Return the material below exactly, but only from the line with "Bow & Hummingbird Kristallglas Ebbe & Flut" through the line with "white stilton - Ingredients - en", and without its pictures.

====== The records ======

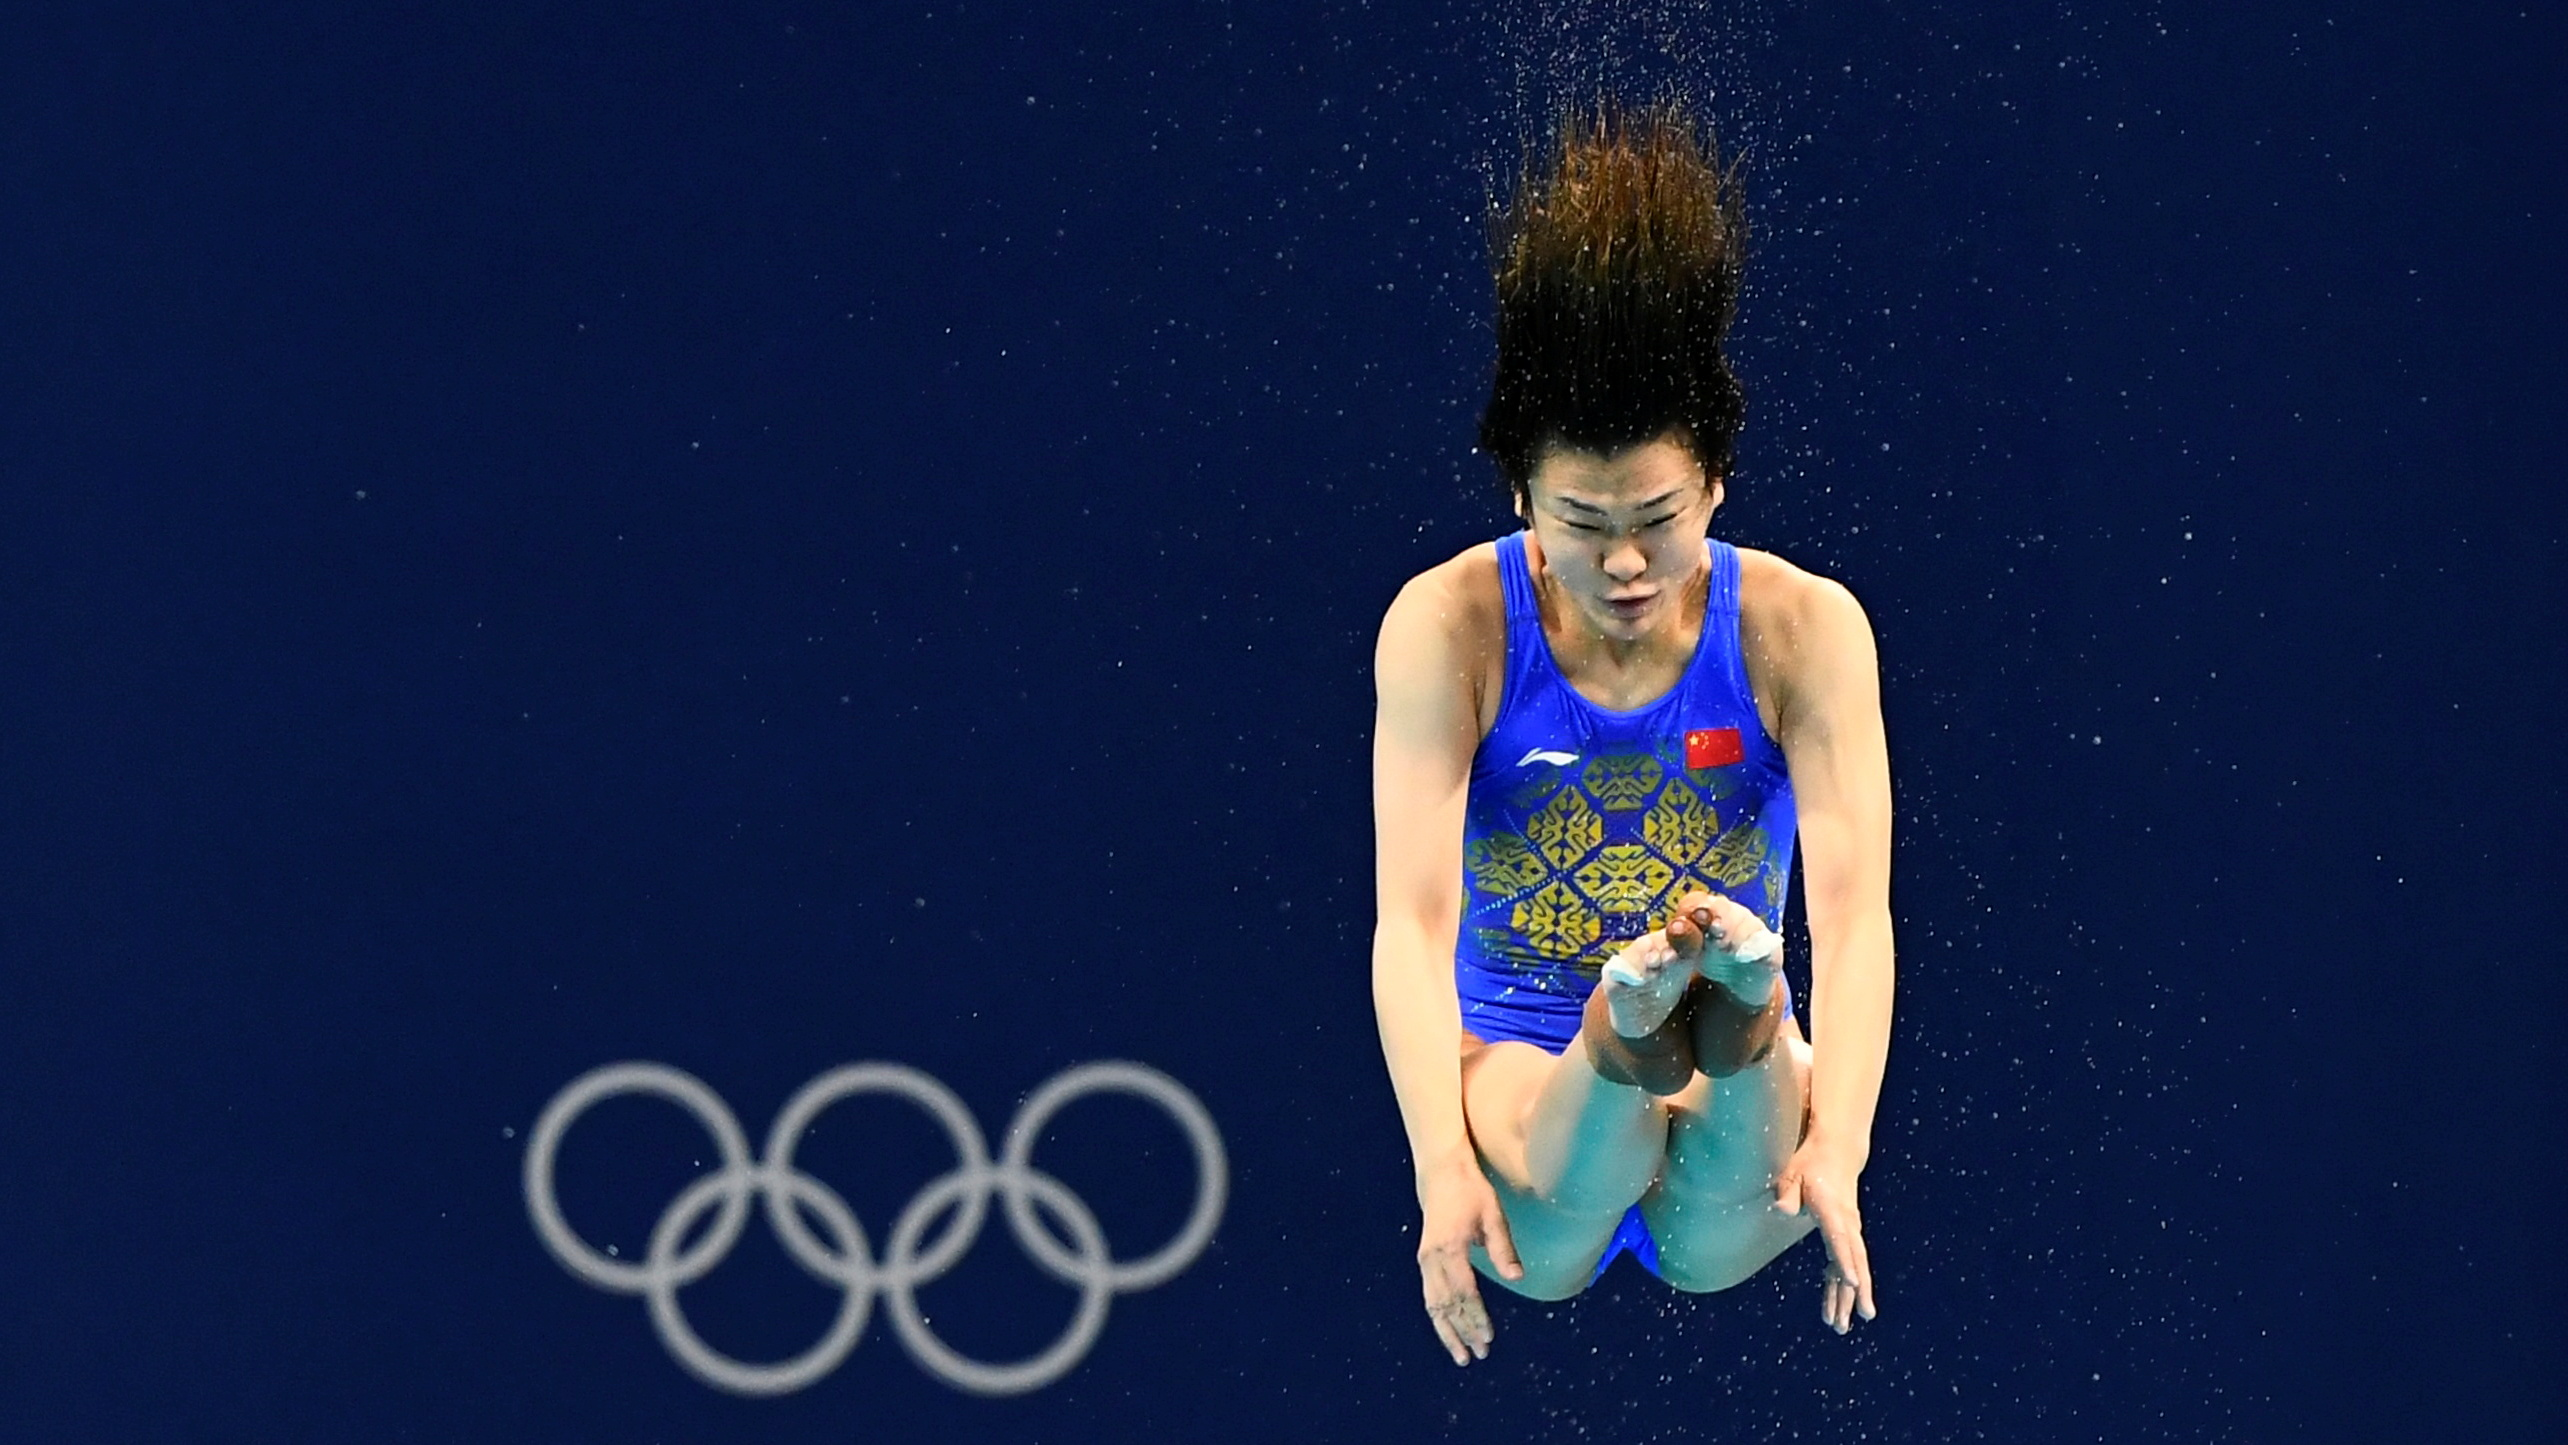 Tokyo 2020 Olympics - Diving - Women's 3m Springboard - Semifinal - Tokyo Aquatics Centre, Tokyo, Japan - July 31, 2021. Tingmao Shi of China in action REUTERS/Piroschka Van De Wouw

======
====== The records ======

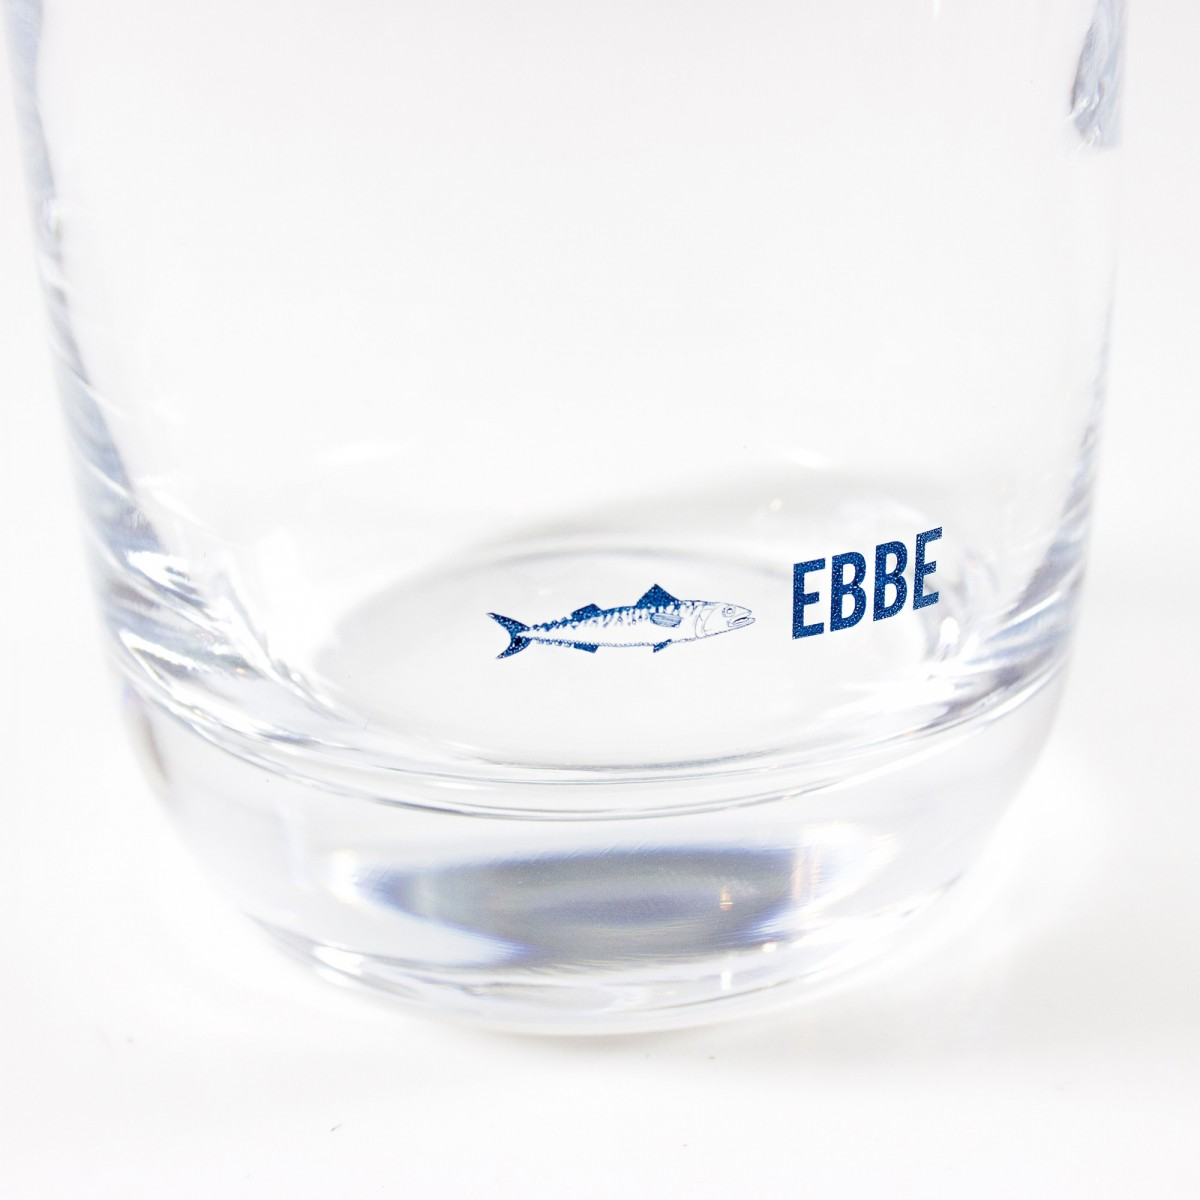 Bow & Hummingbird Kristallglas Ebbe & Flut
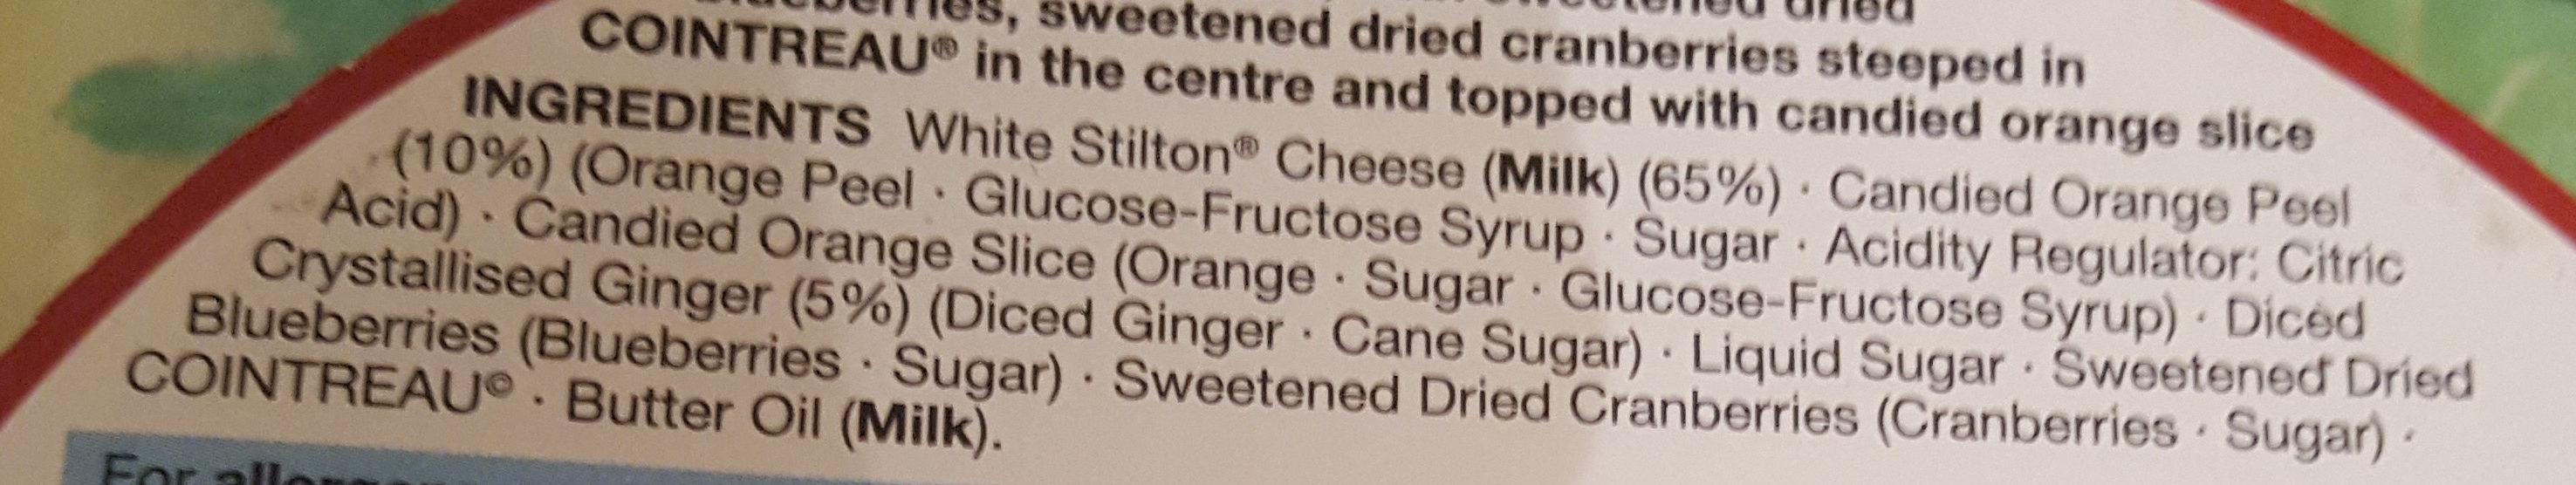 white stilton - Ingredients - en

======

## Task output
 Bow & Hummingbird Kristallglas Ebbe & Flut
 white stilton - Ingredients - en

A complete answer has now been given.